Planning visits to other places by using community detection
Most of the routes we have mapped so far have taken us into the Midwest, as this is the closest point to the total eclipse from Cary, NC. However, we are also interested in seeing other potential routes to places in the path of the eclipse. There are many cities, and it would be overwhelming to consider routes to each one individually. Instead, we can use the community action to partition the set of city nodes into groups of nodes and then consider paths to each of these larger regions.
The first step is to run the shortestPath action for all pairs of city nodes that are in totality. The outWeights output table contains travel times between each pair and can be used as input for the community action. We use inverted travel times as edge weights for community detection so that close nodes have a stronger connection than far nodes. The community action will then produce communities where each node in a community is close to the other nodes in that community, effectively giving us regions of cities throughout the band of totality. By tuning the resolution parameter of the community action, we can affect how large or small these regions are depending on the level of granularity we are interested in. The code for these steps is shown in Figure 6.

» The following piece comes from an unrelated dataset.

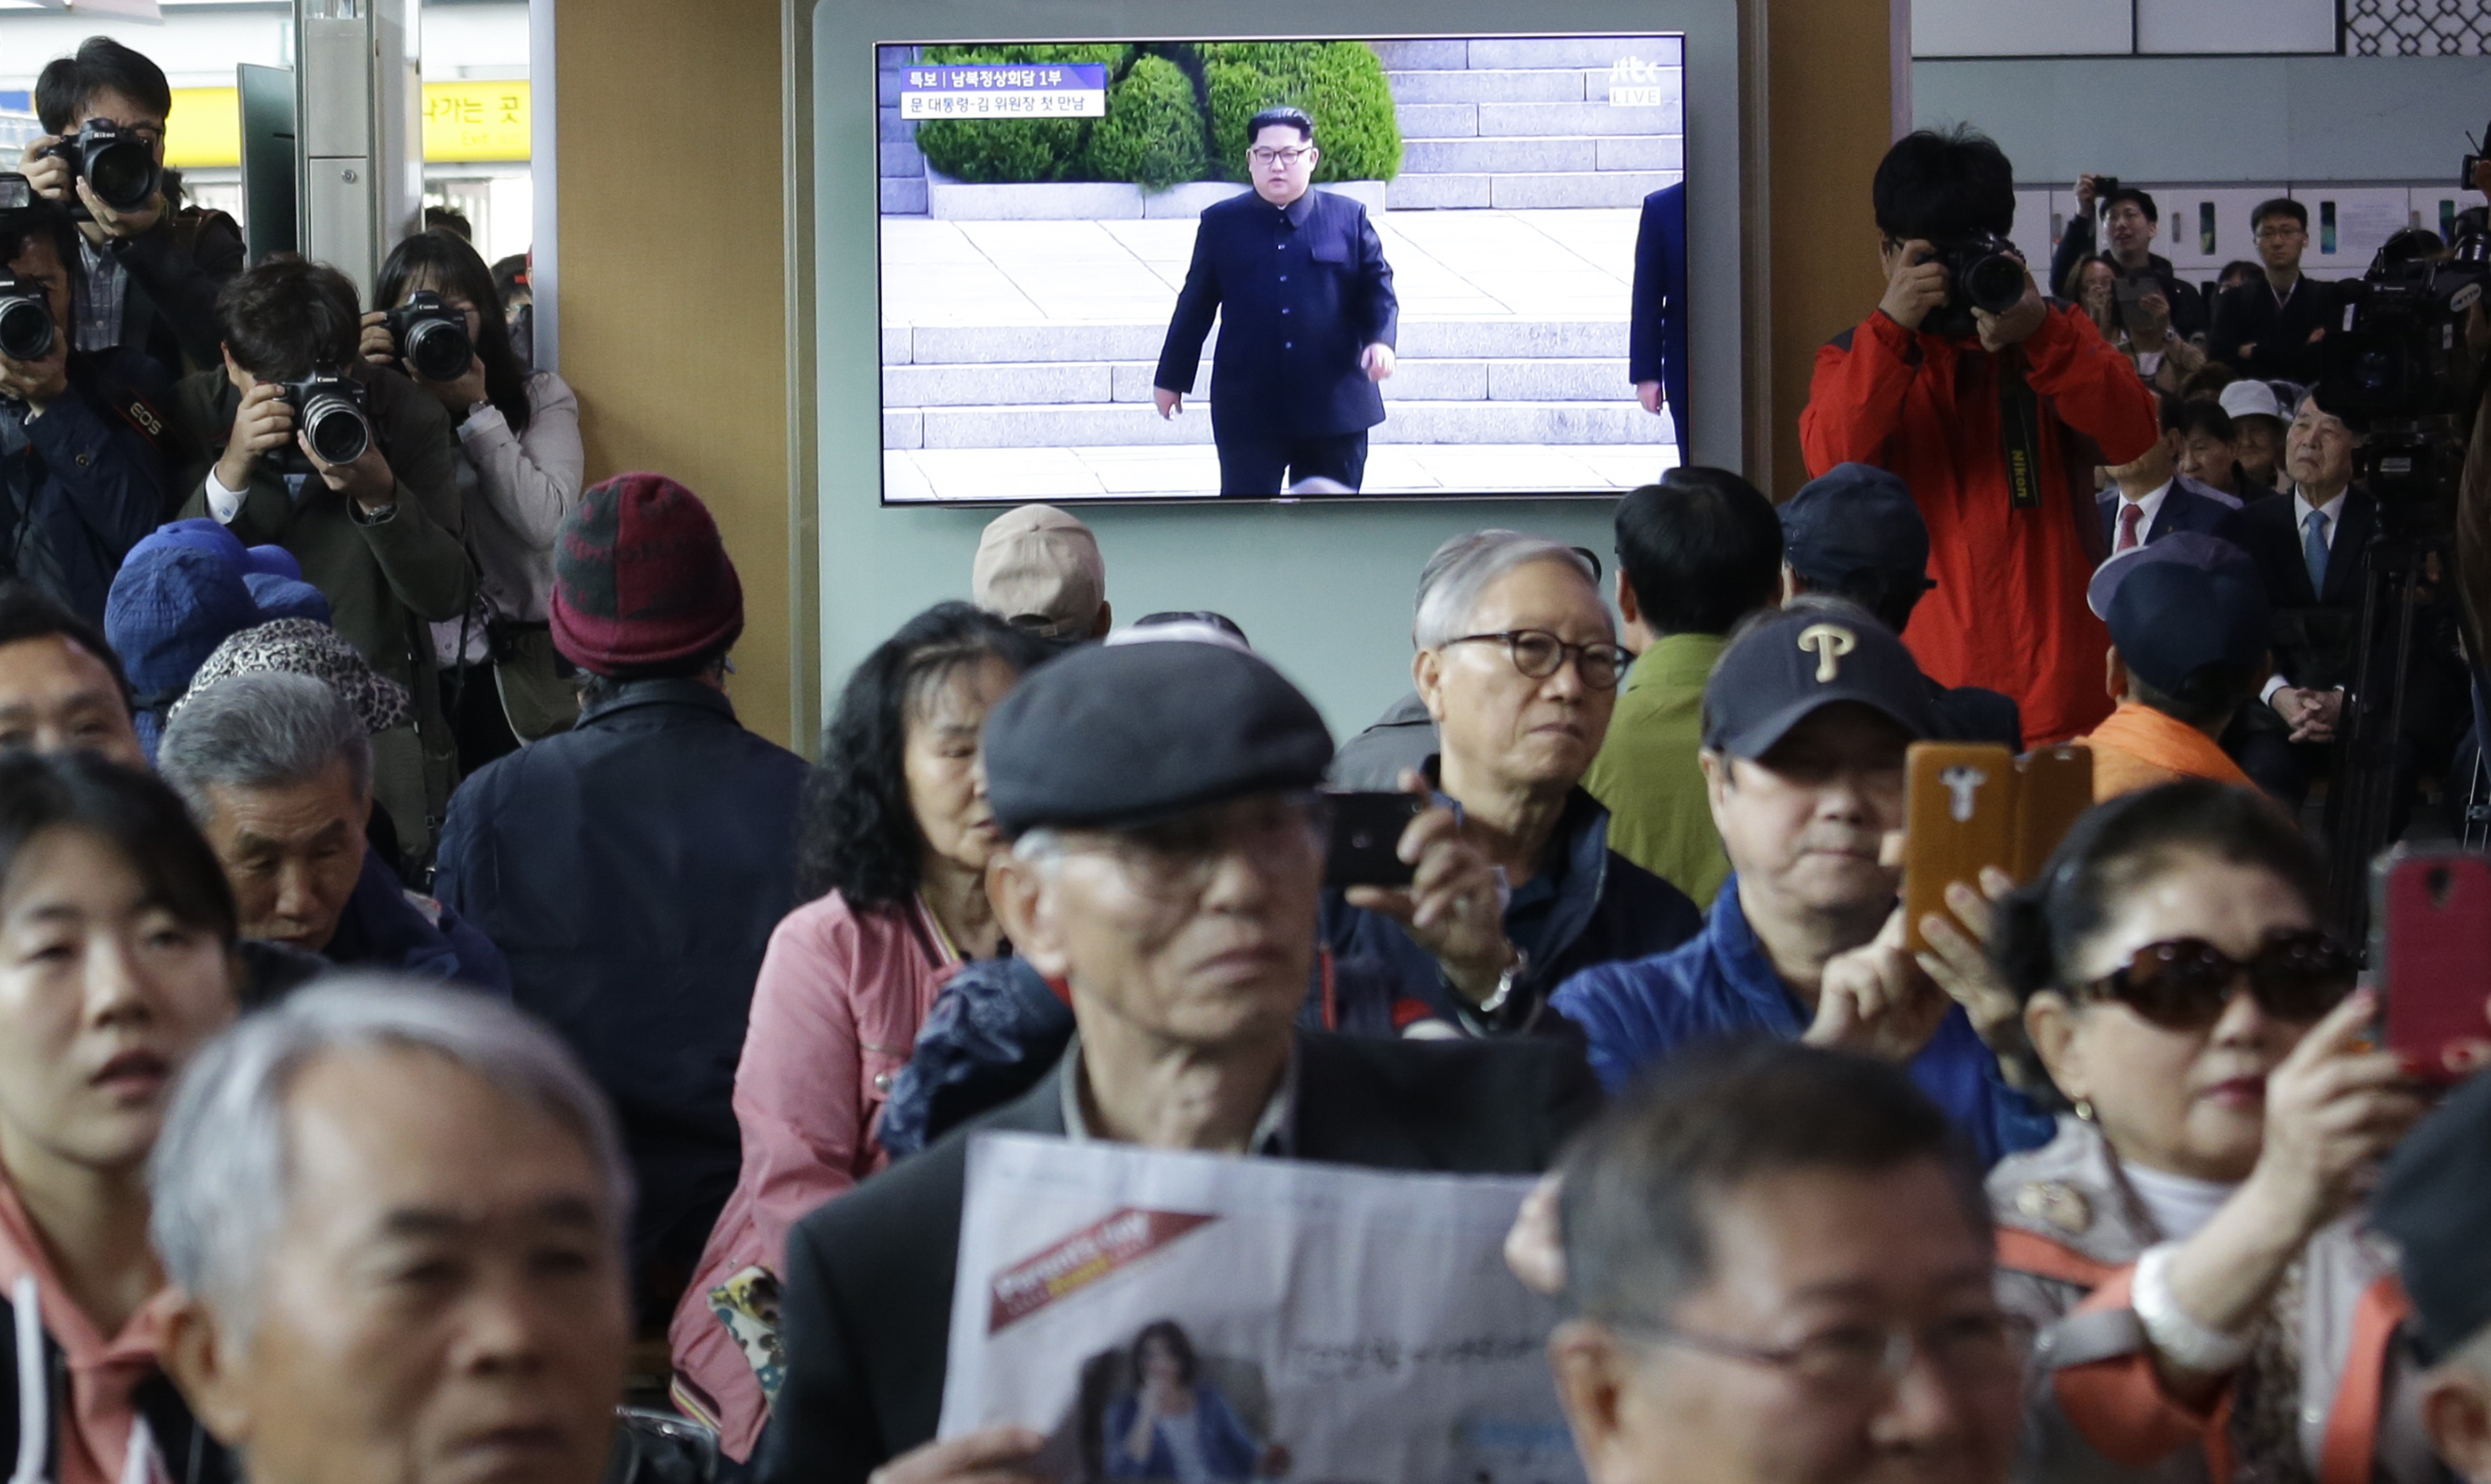 Decenas de personas en la estación de trenes de Seúl observan el encuentro.(AP Photo/Ahn Young-joon)

Once we have cities partitioned into communities, we can look at the routes to the node in each community that maximizes the eclipse duration, breaking any ties by using the shortest travel time. Table 2 shows the summary of the routes to each community. We can also use utilities in the GeoPandas package to calculate the convex hull of the nodes in each community and then plot the paths to each representative node of the community, as shown in Figure 7.
Location | Travel Time (hrs) | Total Eclipse Duration (s) |
Hewitt, TX | 18.79 | 240 |
Cumby, TX | 16.60 | 240 |
Newhope, AR | 15.50 | 240 |
Springfield, AR | 13.58 | 240 |
Powhatan, AR | 12.74 | 240 |
Wayne City, IL | 10.82 | 240 |
Grayville, IL | 10.40 | 240 |
New Lisbon, IN | 8.86 | 240 |
West Mansfield, OH | 8.05 | 210 |
Caledonia, OH | 8.20 | 210 |
Erie, PA | 9.45 | 210 |
McKean, PA | 9.25 | 210 |
Peru, NY | 12.41 | 210 |
Table 2: Centroid locations of each community ordered by longitude
Conclusion
In this post, we looked at using network analytics in the context of routing problems for the 2024 total solar eclipse. We were able to use publicly available data and open source tools, such as OSMnx and GeoPandas, to build and manipulate road networks that were fed into SAS Network Analytics to perform the main network algorithms. These examples show just a small but extremely powerful set of features that are available in the NETWORK procedure and action set.